What lines of the material below hold the string "Shirt"? Copy them out.

▸ DATA IN THIS EXERCISE:

______________________________

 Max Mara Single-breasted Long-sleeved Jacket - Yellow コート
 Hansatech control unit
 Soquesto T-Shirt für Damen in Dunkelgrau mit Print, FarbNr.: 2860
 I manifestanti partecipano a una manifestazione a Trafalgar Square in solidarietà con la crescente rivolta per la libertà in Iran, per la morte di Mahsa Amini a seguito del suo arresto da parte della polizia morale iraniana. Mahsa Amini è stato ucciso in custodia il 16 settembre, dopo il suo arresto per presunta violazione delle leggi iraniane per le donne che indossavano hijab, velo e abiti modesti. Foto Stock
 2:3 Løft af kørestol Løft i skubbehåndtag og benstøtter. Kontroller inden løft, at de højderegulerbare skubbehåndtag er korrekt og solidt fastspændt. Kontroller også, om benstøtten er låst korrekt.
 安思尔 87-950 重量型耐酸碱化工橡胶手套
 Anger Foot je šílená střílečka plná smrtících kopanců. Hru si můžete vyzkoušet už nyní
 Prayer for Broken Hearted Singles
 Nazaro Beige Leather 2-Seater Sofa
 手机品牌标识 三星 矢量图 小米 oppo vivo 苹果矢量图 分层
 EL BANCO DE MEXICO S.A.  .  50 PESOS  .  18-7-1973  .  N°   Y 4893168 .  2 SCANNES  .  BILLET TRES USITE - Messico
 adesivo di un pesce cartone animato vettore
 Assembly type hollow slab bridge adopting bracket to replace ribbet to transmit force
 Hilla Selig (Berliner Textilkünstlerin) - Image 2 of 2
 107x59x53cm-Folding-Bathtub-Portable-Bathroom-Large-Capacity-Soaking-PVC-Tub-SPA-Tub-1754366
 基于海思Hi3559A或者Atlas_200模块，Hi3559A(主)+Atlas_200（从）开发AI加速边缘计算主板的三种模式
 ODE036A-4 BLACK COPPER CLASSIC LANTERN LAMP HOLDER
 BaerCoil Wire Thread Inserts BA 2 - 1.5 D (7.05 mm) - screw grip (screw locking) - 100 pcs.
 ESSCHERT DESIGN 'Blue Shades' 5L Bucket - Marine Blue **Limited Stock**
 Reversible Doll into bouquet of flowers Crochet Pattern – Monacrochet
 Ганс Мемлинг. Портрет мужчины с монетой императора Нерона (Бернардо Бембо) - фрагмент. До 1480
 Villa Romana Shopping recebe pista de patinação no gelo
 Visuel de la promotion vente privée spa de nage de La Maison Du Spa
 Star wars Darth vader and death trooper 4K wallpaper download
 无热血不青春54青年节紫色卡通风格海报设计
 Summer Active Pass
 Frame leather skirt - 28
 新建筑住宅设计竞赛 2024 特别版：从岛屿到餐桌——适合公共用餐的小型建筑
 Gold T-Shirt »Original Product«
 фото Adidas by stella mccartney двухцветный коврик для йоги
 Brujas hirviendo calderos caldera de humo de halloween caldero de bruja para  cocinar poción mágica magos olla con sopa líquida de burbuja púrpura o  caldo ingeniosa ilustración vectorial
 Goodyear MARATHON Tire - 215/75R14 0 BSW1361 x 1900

______________________________

▸ RESULT FOR THIS EXERCISE:
 Soquesto T-Shirt für Damen in Dunkelgrau mit Print, FarbNr.: 2860
 Gold T-Shirt »Original Product«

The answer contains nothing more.